SPARK_VERSION="3.5.5"
HADOOP_VERSION="3"
curl -O "https://archive.apache.org/dist/spark/spark-${SPARK_VERSION}/spark-${SPARK_VERSION}-bin-hadoop${HADOOP_VERSION}.tgz"
tar -xvzf "spark-${SPARK_VERSION}-bin-hadoop${HADOOP_VERSION}.tgz"
mv "spark-${SPARK_VERSION}-bin-hadoop${HADOOP_VERSION}" ~/spark
echo 'export SPARK_HOME=~/spark' >> ~/.zshrc
echo 'export PATH="$SPARK_HOME/bin:$PATH"' >> ~/.zshrc
export SPARK_HOME=~/spark
export PATH="$SPARK_HOME/bin:$PATH"
1.3. Hive Metastore Table 생성
평균 날씨 데이터를 저장하는 Parquet Table을 생성한다.
CREATE TABLE hive.weather.southkorea_daily_average_parquet (
branch_name VARCHAR,
avg_temp DOUBLE,
avg_rain DOUBLE,
avg_snow DOUBLE,
avg_cloud_cover_total DOUBLE,
avg_cloud_cover_lowmiddle DOUBLE,
avg_cloud_lowest DOUBLE,
avg_humidity DOUBLE,
avg_wind_speed DOUBLE,
avg_pressure_local DOUBLE,
avg_pressure_sea DOUBLE,
avg_pressure_vaper DOUBLE,
avg_dew_point DOUBLE,
year INT,
month INT,
day INT
)
WITH (
external_location = 's3a://weather/southkorea/daily-average-parquet',
format = 'PARQUET',
partitioned_by = ARRAY['year', 'month', 'day']
);
CALL hive.system.sync_partition_metadata('weather', 'southkorea_daily_average_parquet', 'ADD');
평균 날씨 데이터를 저장하는 Iceberg Parquet Table을 생성한다.

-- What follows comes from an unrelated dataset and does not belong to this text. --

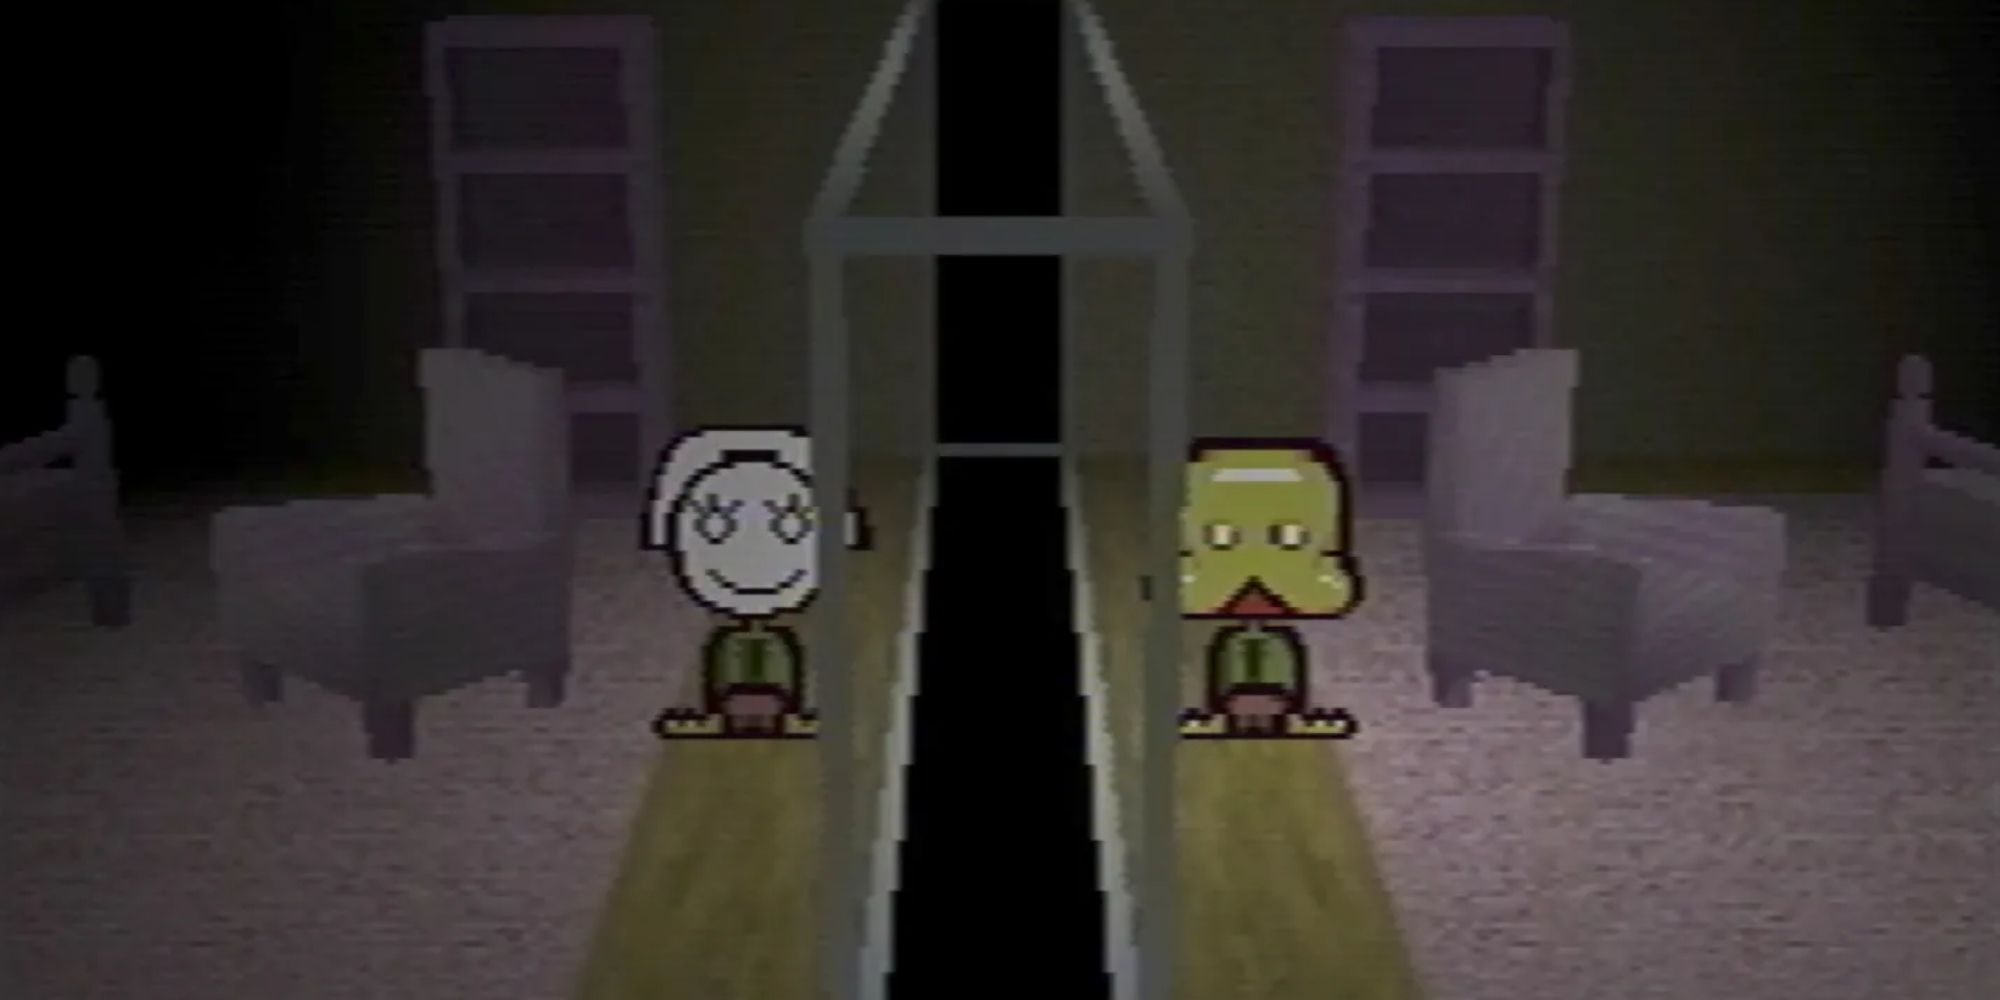 Paul playing Petscop and facing a mirrored character.

CREATE TABLE iceberg.weather.southkorea_daily_average_iceberg_parquet (
branch_name VARCHAR,
avg_temp DOUBLE,
avg_rain DOUBLE,
avg_snow DOUBLE,
avg_cloud_cover_total DOUBLE,
avg_cloud_cover_lowmiddle DOUBLE,
avg_cloud_lowest DOUBLE,
avg_humidity DOUBLE,
avg_wind_speed DOUBLE,
avg_pressure_local DOUBLE,
avg_pressure_sea DOUBLE,
avg_pressure_vaper DOUBLE,
avg_dew_point DOUBLE,
year INT,
month INT,
day INT
)
WITH (
location = 's3a://weather/southkorea/daily-average-iceberg-parquet',
format = 'PARQUET',
partitioning = ARRAY['year', 'month', 'day']
);
2. Local 환경에서 실행
2.1. Spark Application Download
Spark Application을 Download 하고, Python 패키지를 설치한다.
git clone https://github.com/ssup2-playground/k8s-data-platform_spark-jobs.git
cd k8s-data-platform_spark-jobs
uv sync
2.2. Spark Master와 Worker 실행
Shell을 2개 실행하여 각각 Master와 Worker로 설정하여 Local Spark Cluster를 구성한다.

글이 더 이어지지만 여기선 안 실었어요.